WHAT YOU NEED TO DO —
Please retype the records below exactly, leaving out any pictures.

[RECORDED INFORMATION]

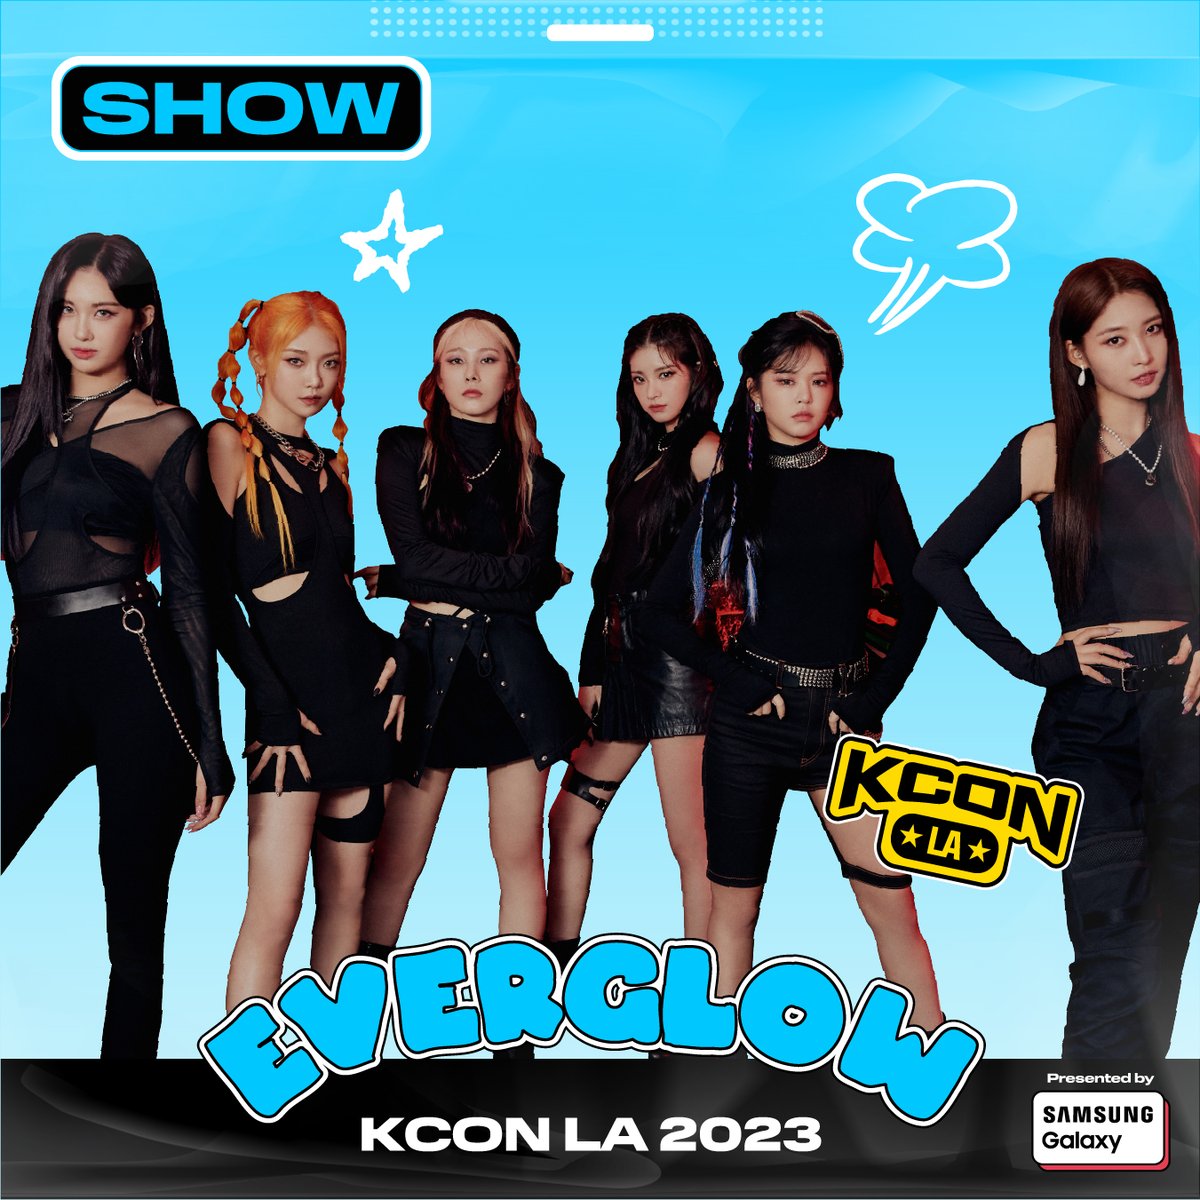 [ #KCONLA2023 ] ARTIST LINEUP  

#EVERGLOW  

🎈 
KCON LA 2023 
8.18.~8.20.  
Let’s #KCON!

[/RECORDED INFORMATION]

YOUR SOLUTION —
 [ #KCONLA2023 ] ARTIST LINEUP  

#EVERGLOW  

🎈 
KCON LA 2023 
8.18.~8.20.  
Let’s #KCON!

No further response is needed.